The Russians were happy to let the little duchy next door claim a little extra land on the Russian side of the river - they were getting a bridge out of the deal, after all, and they dearly wanted that bridge. For the entire span where they Düna flowed essentially Northwest, one mile of land on the Russian bank would belong to Courland. Upstream, where it flowed West, Russia. Downstream, where it turned Northward, Russia again.

The second public works project would fulfill a promise made by Duke Jakob in 1638, before he was properly even Duke: there, on Düna island, halfway across the first bridge over which Russian trade would cross, he had a little Catholic church built, surely the most certain sign to any Russian merchant that they were no longer in their own lands.
 
The usual next-day "what have we done" post.

With Jakob married earlier, we snuck in one kid (Martin) before his OTL kids (all the others were born.
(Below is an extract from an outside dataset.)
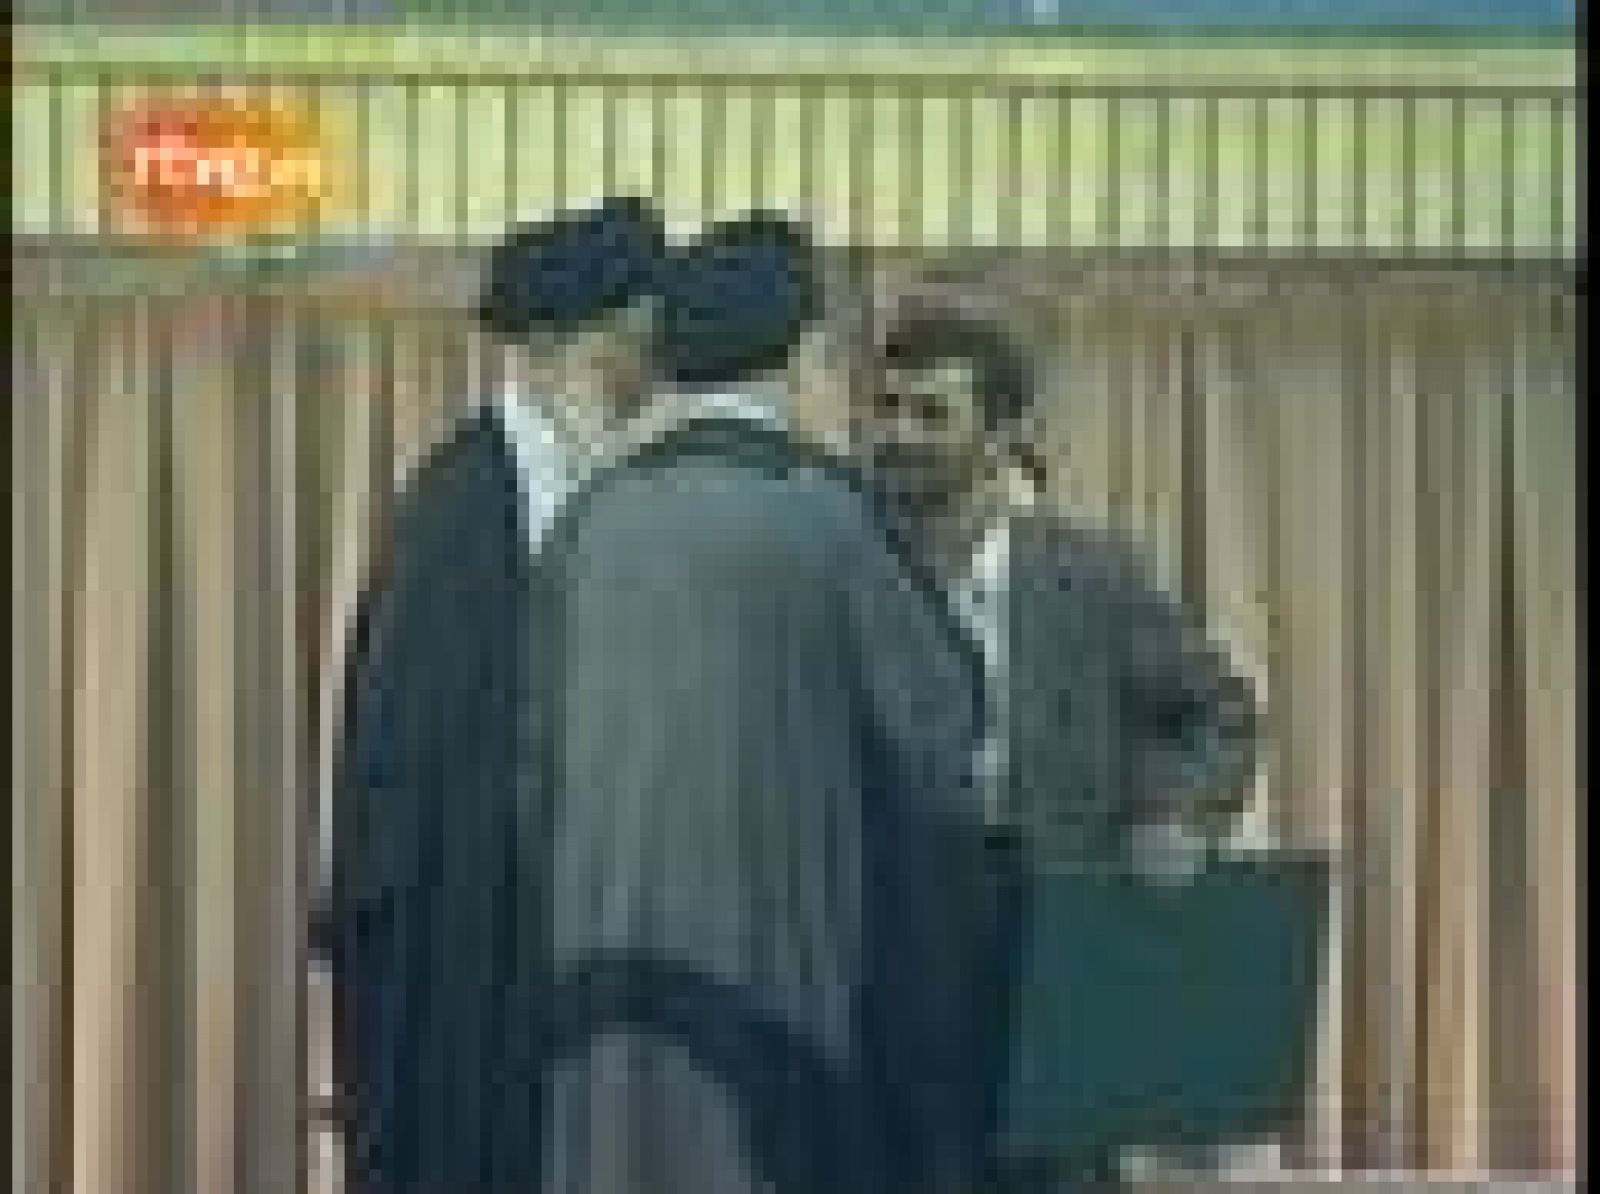 El acto protocolario ha sido transmitido por la televisión estatal y se ha podido ver como Ahmadineyad besaba el hombro de Jamenei en lugar de la mano como hizo en el acto de ratificación del primer mandato hace cuatro años.

So far, the OTL births are the same here, only with an elder brother in Martin. I changed Joachim's name for two reasons: Poland is reduced TTL compared to OTL, and Wlad Vasa IV is now two Polish kings ago TTL, whereas this last post would have been his time to die OTL - enough reason not to name the baby Ladislaus as he did.

Baby Ladislaus died aged 3 months. Baby Joachim, on the other hand, is the first Courlander to be saved by his mother's gardens. A necessary stacking of the deck - a decade living in Fernau and its environs might otherwise reduce, say, 20,000 Courlanders to the low hundreds in a decade otherwise. Even with a little extra help, I'll have enough death to write about soon. No need to have a baby's funeral so soon.

And then the second half... death, death, death, death, death. Eastern Europe isn't a place of great stability. I wouldn't be telling as convincing a story if I waved a magic wand and made things oddly more stable, now, would I? I give a little, I take away a little.

I hadn't known the word "morganatic" before this week. OTL, the marriage between the Tsar's daughter and the Danish morganatic prince fell apart when said prince wouldn't convert to Orthodox Christianity, a disappointment said to have helped bring the Tsar's death more quickly. So, always happy to gently pluck at religious strings in this timeline, I flipped that. Now we have a Danish prince converted - probably inconsequential - and a Tsar that took a little longer to die.

On to a new generation of local royals. Poland can return to the Vasa well again. Lithuania needs to shop around a bit.

For about ten minutes, Courland is the most stable place in the neighbourhood.

The Danish Prince John (Hans in Danish and Johan in German) was not morganatic. It was a major reason why his brother send him to Russia, by him marrying a foreign princess and get land there, his ducal possession in Schleswig-Holstein would go to his brother. Also Danish succession didn’t include morganatic at the time, Christian IV morganatic son was pushed as a claimant to the Danish throne after the dead of Christian IV.